A: No. A 0.5cc (or 0.5 mL) syringe and a 1.0cc syringe both follow the exact same U-100 standard. The only difference is the total liquid capacity of the plastic barrel. Fifty units on a half-cc syringe holds the exact same volume of medication as fifty units on a full-cc syringe. You calculate your dose identically regardless of the overall barrel size.
Q2. Can I use an IU (International Unit) calculator for my Semaglutide?
A: Absolutely not. International Units (IU) measure biological effect, not physical weight. One IU of Vitamin D has a completely different physical mass than one IU of HCG or insulin. Peptides and GLP-1 agonists require dosing by physical mass (milligrams).
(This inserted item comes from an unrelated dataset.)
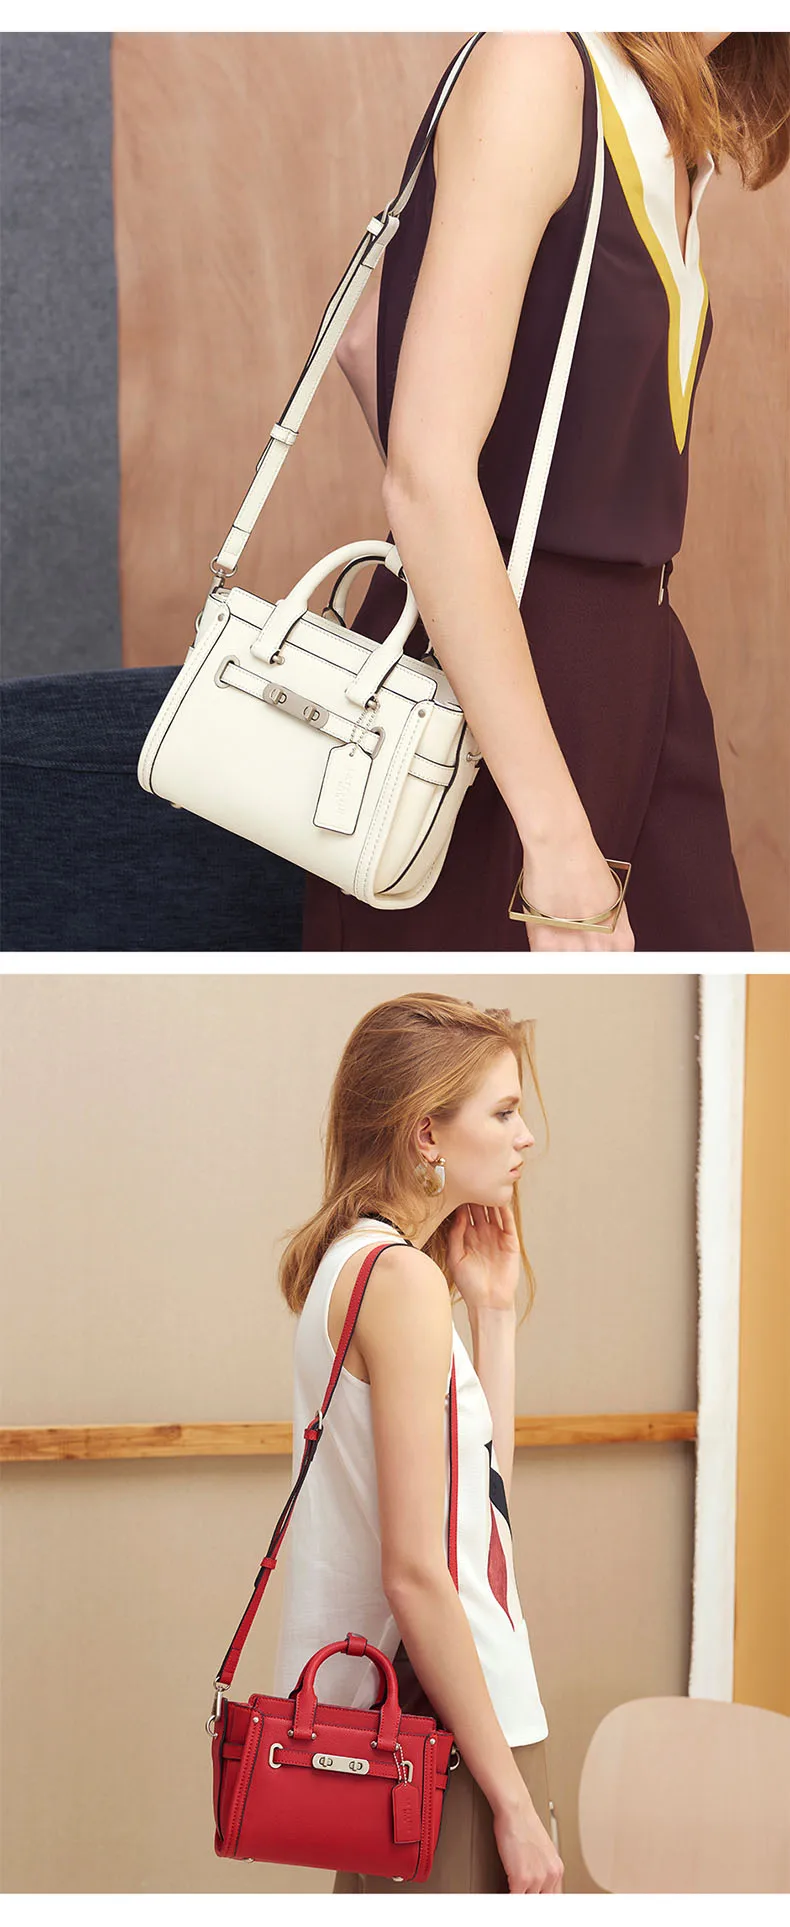 LAFESTIN женская сумка кожаная трапециевидная большая сумка через плечо роскошные дизайнерские сумки известный бренд женские сумки

If you plug a milligram target into an IU calculator, your resulting liquid measurement will be entirely incorrect.
Q3. What happens if I accidentally use a U-40 syringe instead of a U-100?
You will inject two and a half times your intended dose. U-40 syringes space their unit markings much further apart because they are designed for heavily diluted veterinary insulin. If your math dictates a 20-unit pull on a standard U-100 syringe, pulling to that exact same 20-unit line on a U-40 syringe injects significantly more liquid. Always check your box to verify you hold U-100 syringes before drawing any medication.